Ta_res50 = resnet50(num_classes=10)
paddle.Model(Ta_res50).summary((1,3,224,224))

Cifar10数据准备

import paddle.vision.transforms as T
from paddle.vision.datasets import Cifar10
paddle.set_device('gpu')

# 数据准备
transform = T.Compose([
    T.Resize(size=(224,224)),
    T.Normalize(mean=[0.485, 0.456, 0.406], std=[0.229, 0.224, 0.225],data_format='HWC'),
    T.ToTensor()
])

train_dataset = Cifar10(mode='train', transform=transform)
train_loader = paddle.io.DataLoader(train_dataset, batch_size=64, shuffle=True, drop_last=True)

ResNet18在Cifar10训练

# 模型准备
res50 = paddle.vision.models.resnet18(num_classes=10)
res50.train()


# 训练准备
epoch_num = 10
optim = paddle.optimizer.Adam(learning_rate=0.001,parameters=res50.parameters())
loss_fn = paddle.nn.CrossEntropyLoss()

res50_loss = []
res50_acc = []

for epoch in range(epoch_num):
    for batch_id, data in enumerate(train_loader):
        inputs = data[0]            
        labels = data[1].unsqueeze(1)            
        predicts = res50(inputs)    

        loss = loss_fn(predicts, labels)
        acc = paddle.metric.accuracy(predicts, labels)
        loss.backward()

        if batch_id % 100 == 0: 
            print("epoch: {}, batch_id: {}, loss is: {}, acc is: {}".format(epoch, batch_id, loss.numpy(), acc.numpy()))

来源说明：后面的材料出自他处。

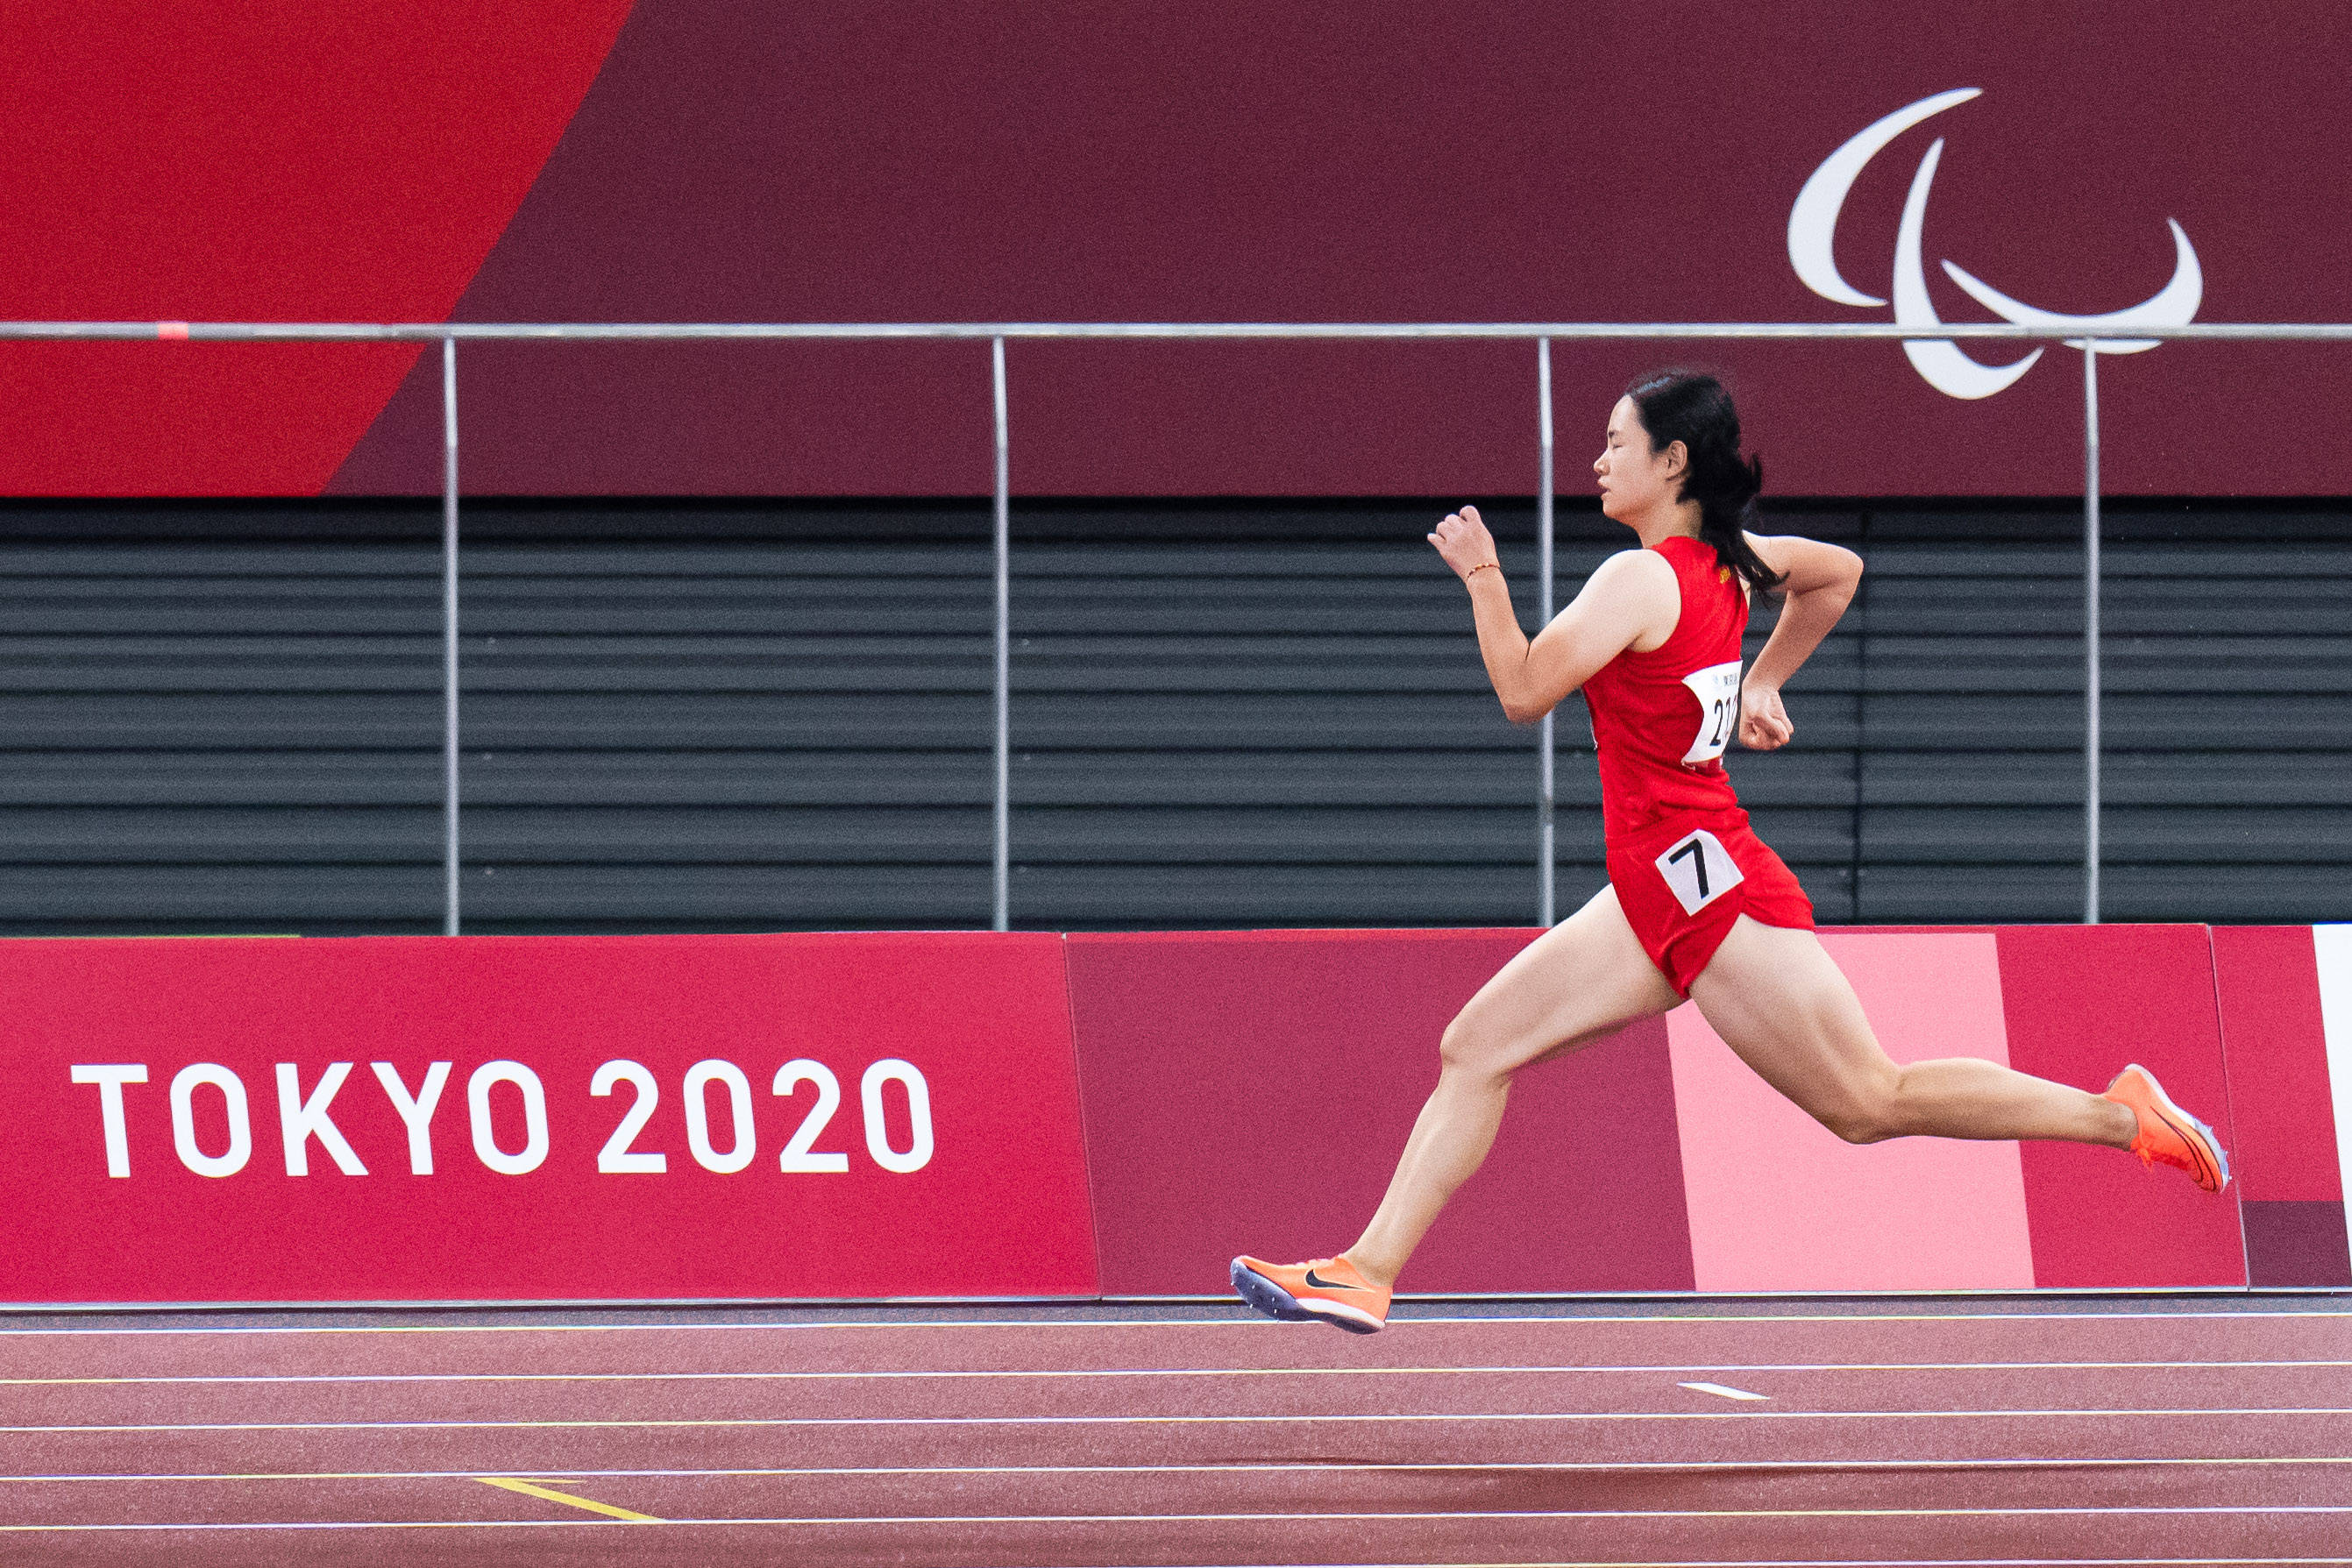 张金加 摄当日,在东京残奥会田径女子400米t37级决赛中,中国选手
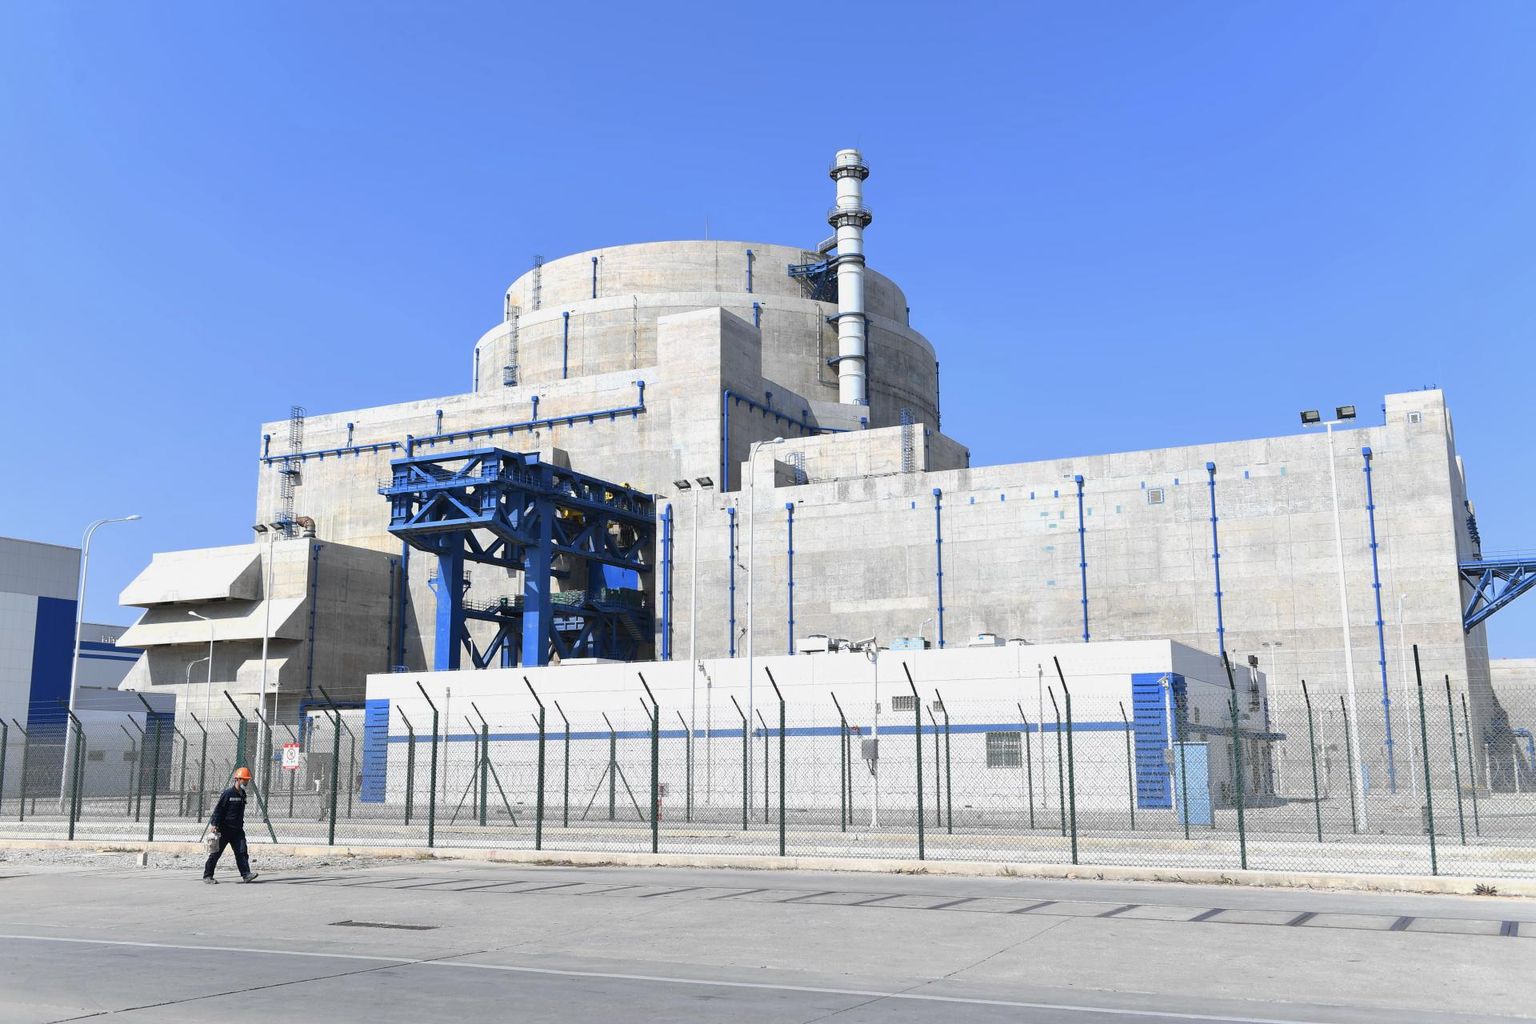 Hiinal on üle poolesaja traditsioonilise tuumaelektrijaama, nagu see Fuqingis asuv tuumajaam pildil, kuid riik katsetab praegu Wuweis oma esimest eksperimentaalset sulasoola tuumareaktorit. 

        if batch_id % 20 == 0:

            res50_loss.append(loss.numpy())
            res50_acc.append(acc.numpy())

        optim.step()
        optim.clear_grad()

TA_ResNet18在Cifar10数据集训练

# 模型准备
ta_res50 = resnet18(num_classes=10)
ta_res50.train()

# 训练准备
epoch_num = 10
optim = paddle.optimizer.Adam(learning_rate=0.001,parameters=ta_res50.parameters())
loss_fn = paddle.nn.CrossEntropyLoss()

ta_res50_loss = []
ta_res50_acc = []

for epoch in range(epoch_num):
    for batch_id, data in enumerate(train_loader):
        inputs = data[0]            
        labels = data[1].unsqueeze(1)            
        predicts = ta_res50(inputs)    

        loss = loss_fn(predicts, labels)
        acc = paddle.metric.accuracy(predicts, labels)
        loss.backward()

        if batch_id % 100 == 0: 
            print("epoch: {}, batch_id: {}, loss is: {}, acc is: {}".format(epoch, batch_id, loss.numpy(), acc.numpy()))
            
        if batch_id % 20 == 0:
            ta_res50_loss.append(loss.numpy())
            ta_res50_acc.append(acc.numpy())

        optim.step()
        optim.clear_grad()

绘制 ResNet18 和 TA_ResNet18 训练曲线

import matplotlib.pyplot as plt

plt.figure(figsize=(18,12))
plt.subplot(211)

plt.xlabel('iter')
plt.ylabel('loss')
plt.title('train loss')

x=range(len(ta_res50_loss))
plt.plot(x,res50_loss,color='b',label='ResNet18')
plt.plot(x,ta_res50_loss,color='r',label='ResNet18 + TA')

plt.legend()
plt.grid()

plt.subplot(212)
plt.xlabel('iter')
plt.ylabel('acc')
plt.title('train acc')

x=range(len(ta_res50_acc))
plt.plot(x, res50_acc, color='b',label='ResNet18')
plt.plot(x, ta_res50_acc, color='r',label='ResNet18 + CA')

plt.legend()
plt.grid()

plt.show()